1.3  Solution: Primary Form

Let us find the solution of the ridge regression problem with $a>0$. It is convenient to introduce a $T\times n$ matrix $X=(x_1,x_2,\ldots,x_t)'$; the rows of $X$ are vectors $x_i$ (and the columns are vectors $v_i$ mentioned above). We get

$$L_{\rm RR}(w)=a\|w\|^2+\|Xw-Y\|^2.$$
By differentiating $L_{\rm RR}(w)$ w.r.t. $w$ and equating the result to 0 we get
$$ 2aw-2X'Y+X'Xw=0 $$
$$ w=(aI+X'X)^{-1}X'Y, $$
where $I$ is the identity matrix. This must be a solution; indeed, as coefficients of $w$ approach infinity, $a\|w\|^2$ and therefore $L_{\rm RR}(w)$ must go to infinity.

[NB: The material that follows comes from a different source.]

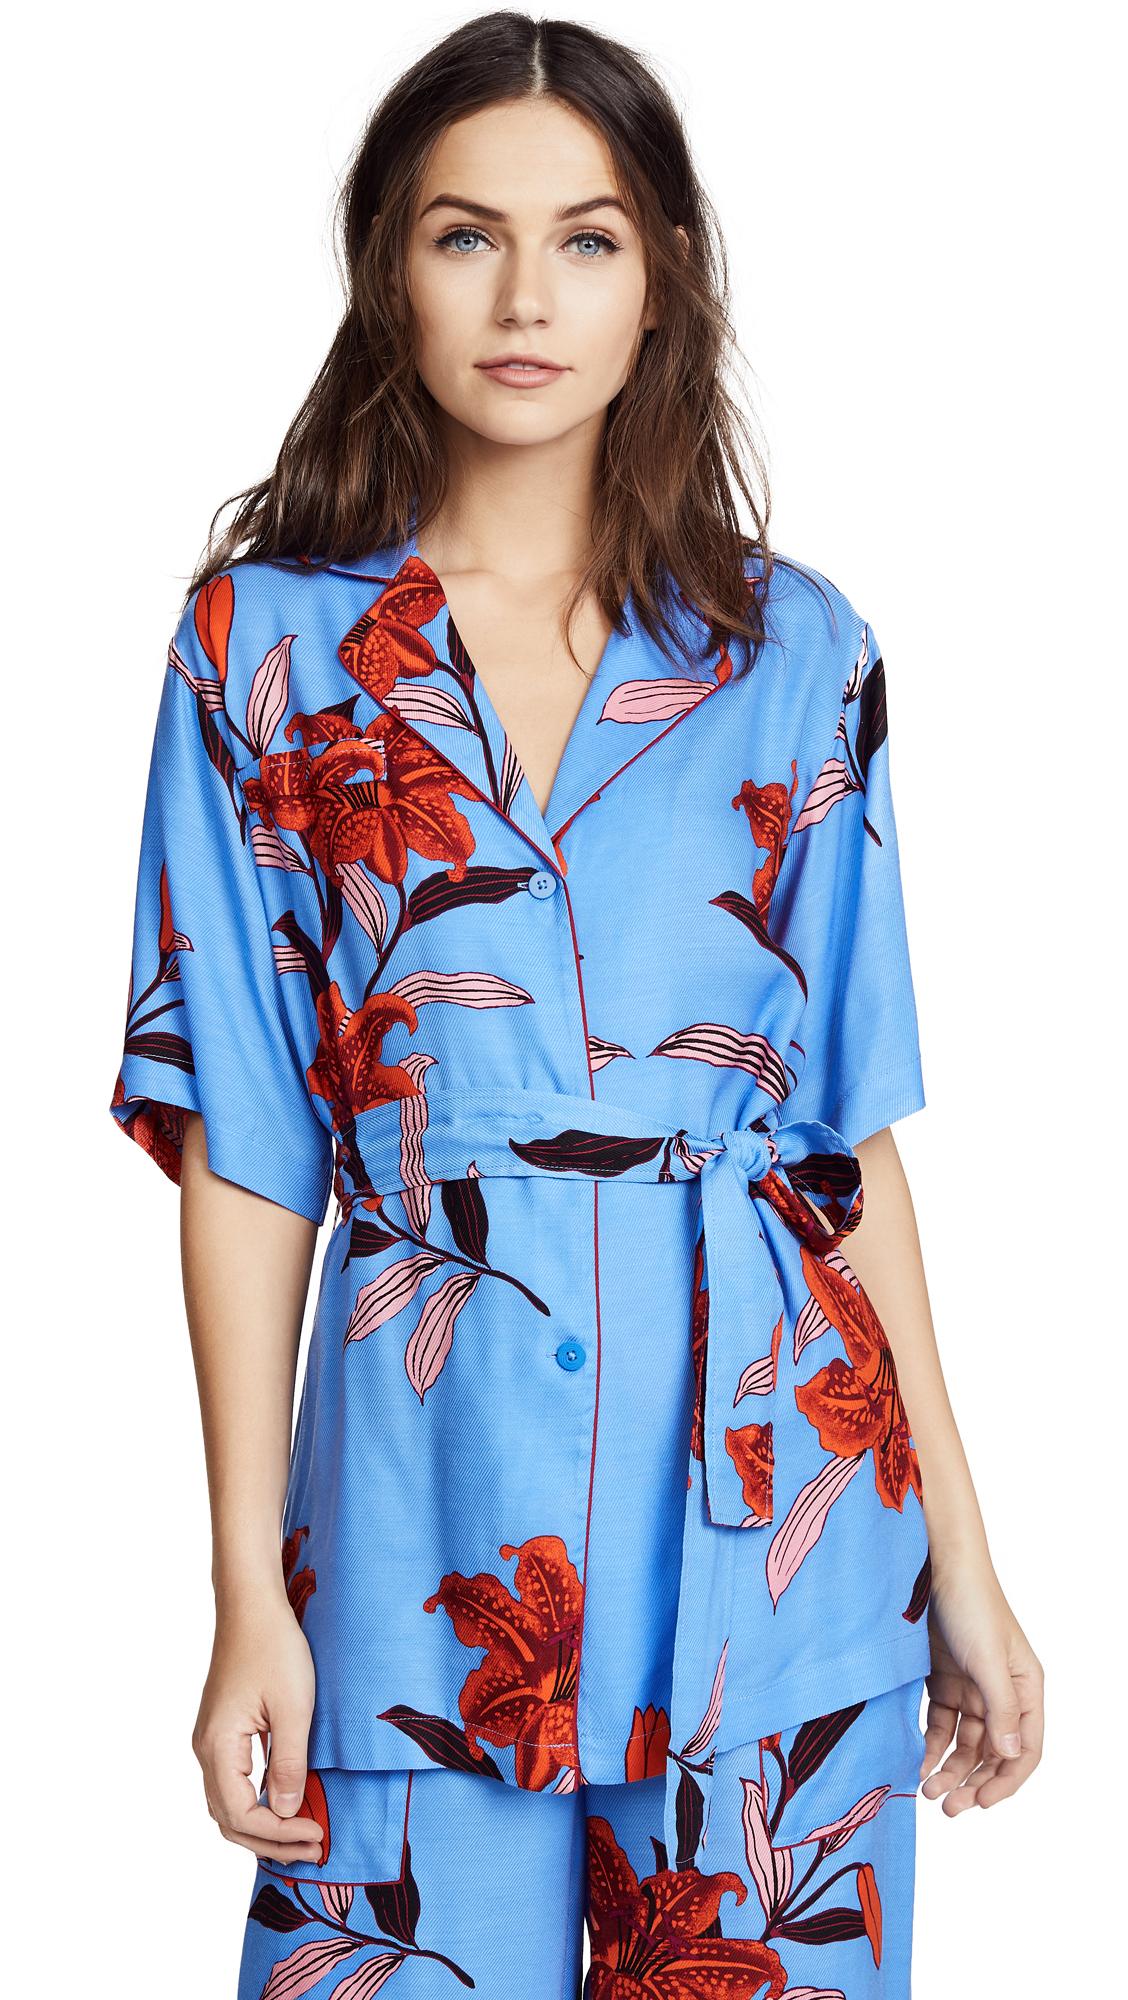 Diane von Furstenberg Short Sleeve Cinched Waist Top

Let us analyse this expression. The matrices $X'X$, $I$, and $aI+X'X$ have the size $n\times n$. The matrix $X'X$ is positive semi-definite, i.e., $\xi'(X'X)\xi\ge 0$ for all $\xi\in\mathbb R^n$ (this follows from $\xi'(X'X)\xi= (X\xi)'(X\xi)=\|X\xi\|^2$). By adding $aI$ we make the matrix positive definite, i.e., we have $\xi'(aI+X'X)\xi>0$ for all $\xi\ne 0$ (indeed, $\xi'(aI+X'X)\xi=\|X\xi\|^2+a\|\xi\|^2$). Because every positive definite matrix is non-singular 2, $aI+X'X$ must have the inverse. If $a>0$, a solution to the ridge regression problem always exists and it is unique.

If $a=0$ and $\mathop{{\mathrm{rank}}}\nolimits X<n$, the matrix becomes singular 3. The geometrical interpretation of this situation was discussed above.

As $a$ approach 0, the matrix $aI+X'X$ may become close to singular. The numerical routines for finding $w$ will then become less and less stable: they will have to deal with very big or very small values and make large round-up errors. Taking a larger $a>0$ thus stabilises the computation as mentioned above.

Let us attempt a rough hypothetical analysis of the predictive performance of ridge regression for different values of $a$. If $a$ is very big, the term $aI$ completely overshadows $X'X$ and the predictive performance deteriorates. If $a$ is very small, we may encounter numerical problems. An optimal value should thus be neither too big no too small. In some sense it must be comparable in size to elements of $X'X$. The exact choice of $a$ depends on the particular dataset.

Finally, let us go back to the term "ridge regression". One of the versions of its etymology is that the diagonal of $aI$ forms a "ridge" added on top of the least squares matrix $X'X$.

1.4  Solution: Dual Form

Using the matrix identity $A(aI+A'A)^{-1}=(aI+AA')^{-1}A$ we can rewrite the ridge regression solution as follows. For an arbitrary $x\in \mathbb R^n$ the outcome suggested by ridge regression is $w'x$ and this can be rewritten as

\begin{align*} w'x &= ((aI+X'X)^{-1}X'Y)'x,\\ &= Y'X(aI+X'X)^{-1}x,\\ &= Y'(aI+XX')^{-1}Xx. \end{align*}
This formula is called the dual form of the ridge regression solution.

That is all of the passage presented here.